Тишина. Тишина знакомых звуков.
— Мы с тобой будем встречаться. Но — здесь. На берегу, в этом месте. Только здесь и нигде больше. Пусть это… мучительно… Но я не могу… уехать из деревни. Не могу. Пойми, Маврик… Пока — не могу. И я… Я… Ты понимаешь — я иду на то, чтобы мы встречались здесь. Тогда, когда ты будешь приезжать. Только в эти дни. Ты слышишь? Я иду на это — а не ты. Я согласна… на это.
Он молчал, прислушиваясь к привычному шуму вокруг — камышей, воды, птиц. Она сказала это со злостью. Но в то же время — с нежностью, с болью.
— Но — почему?
Сейчас он знает, почему. Если бы только он знал об этом тогда. Если бы только знал. Но он тогда думал — это смешно. Это все игра. Ксата все выдумывает. Ничего этого нет.
— Я… нужна деревне.
Она нужна деревне… Почему? Что за глупость? Зачем она может быть нужна деревне? Что, деревня без нее — пропадет?
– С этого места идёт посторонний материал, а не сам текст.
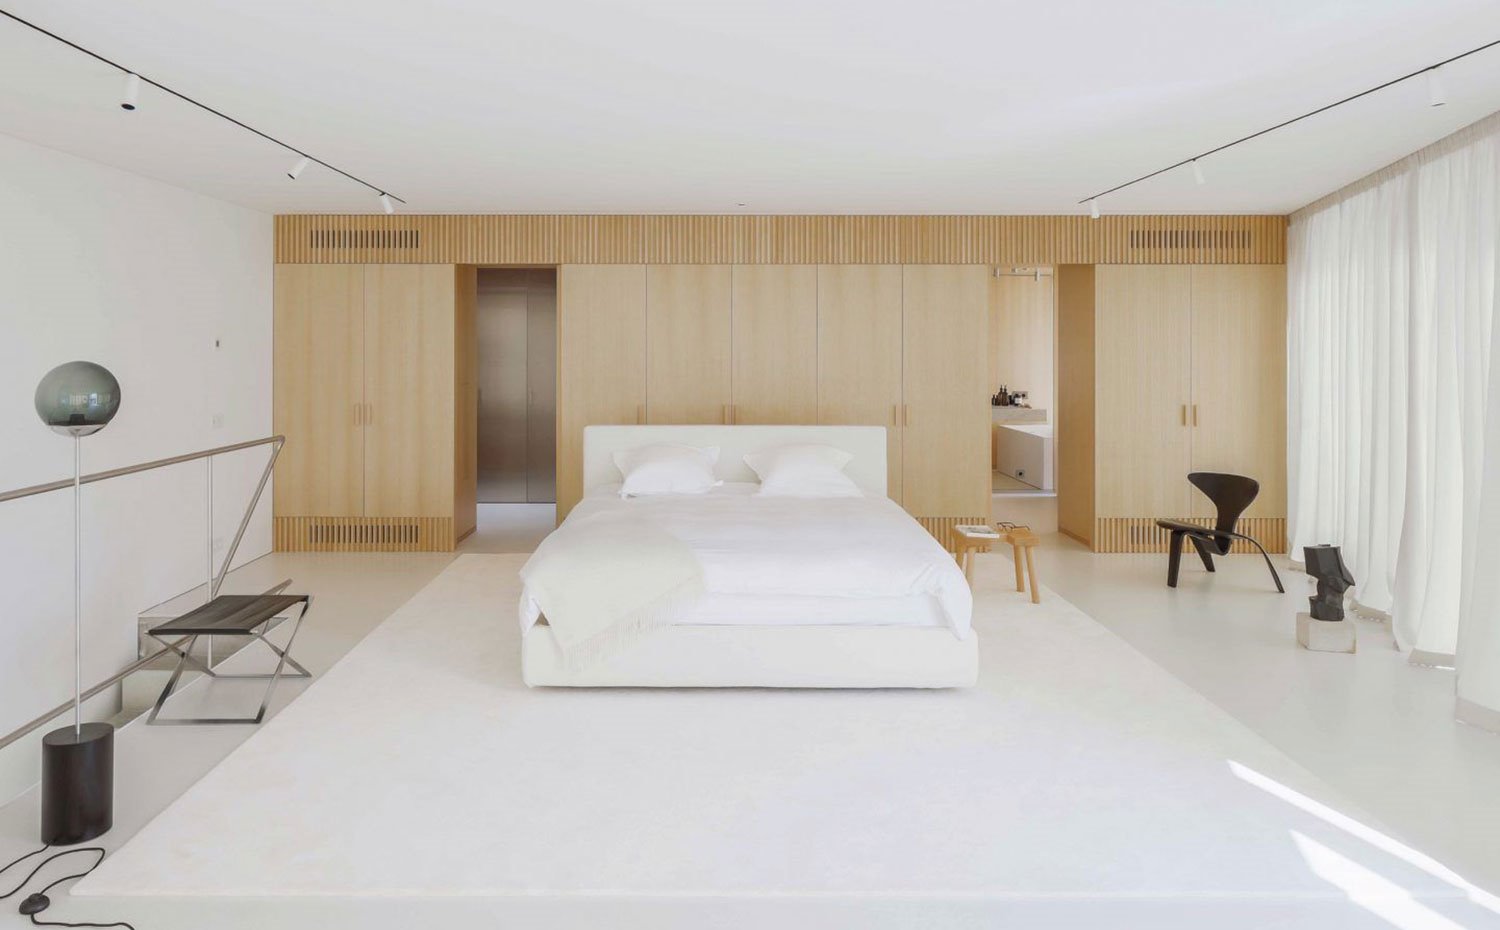 Dormitorio abierto con cama en el centro blanca, armarios de madera natural, taburete de maera, asientos en negro

— Ты… никому не должна быть нужна. Никому, кроме меня.
— Нужна. Пока — нужна. Понимаешь, Маврик? Нужна. Ну, миленький. Поверь.
Какой большой смысл стоял тогда за этими ее словами. Но он не понимал его. Не понимал. Тогда он ей ничего не ответил. В этих ее словах было для него что-то другое. Он действительно не понимал, почему же она может быть нужна деревне. Но какой-то особый, сокровенный их смысл все-таки стал тогда понятен ему. Сейчас он понятен ему до конца. Если бы только он догадался обо всем раньше. Если бы только он все понял. Все, что понимает сейчас.
— Ну вот. А… потом… Потом я уеду с тобой.
Она прижалась к нему — и он ощутил тепло ее дыхания.
— Уеду — я обещаю тебе. Слышишь, Маврик? Обещаю. Но… пока… я не могу. Мы будем встречаться здесь. Пока. Здесь, украдкой. Как… Как… преступники. Хочешь ты этого… или нет…
Он повернулся — и увидел ее глаза. Да, в этих глазах было сейчас небытие, невесомость, ничто. Растворение.
— Я люблю тебя, Маврик.
Небытие. Невесомость. Растворение. Какой бесконечный смысл был тогда в ее глазах. В каждом ее слове. Бесконечный. Но он не понимал тогда этого смысла. Не понимал. Он просто любил ее.
— Я люблю тебя, Ксата. Слышишь… А остальное — неважно.
— Мы будем с тобой преступниками, Маврик.
«Да. Мы. Будем. С тобой. Преступниками. Я согласен. Остальное ведь неважно, Ксата… Ты понимаешь?» Каким же он был тогда глупцом. Каким глупцом. Он ничего не понял. Ничего не понял — в Ксате.
Крик раздался утром — когда Кронго проверял денники.
— Морис! Морис, сюда!
Кричал Диомель, и, так как крик раздался снаружи, Кронго понял: что-то случилось там, у входа в конюшню. Стояла страшная жара, и первой его мыслью была досада. Досада на то, что нужно выходить, — Кронго не хотелось выходить из прохлады и полутьмы конюшни туда, под солнце и жару, в пекло. Но Диомель продолжал кричать, и Кронго вдруг почувствовал в этом крике что-то большее, чем растерянность.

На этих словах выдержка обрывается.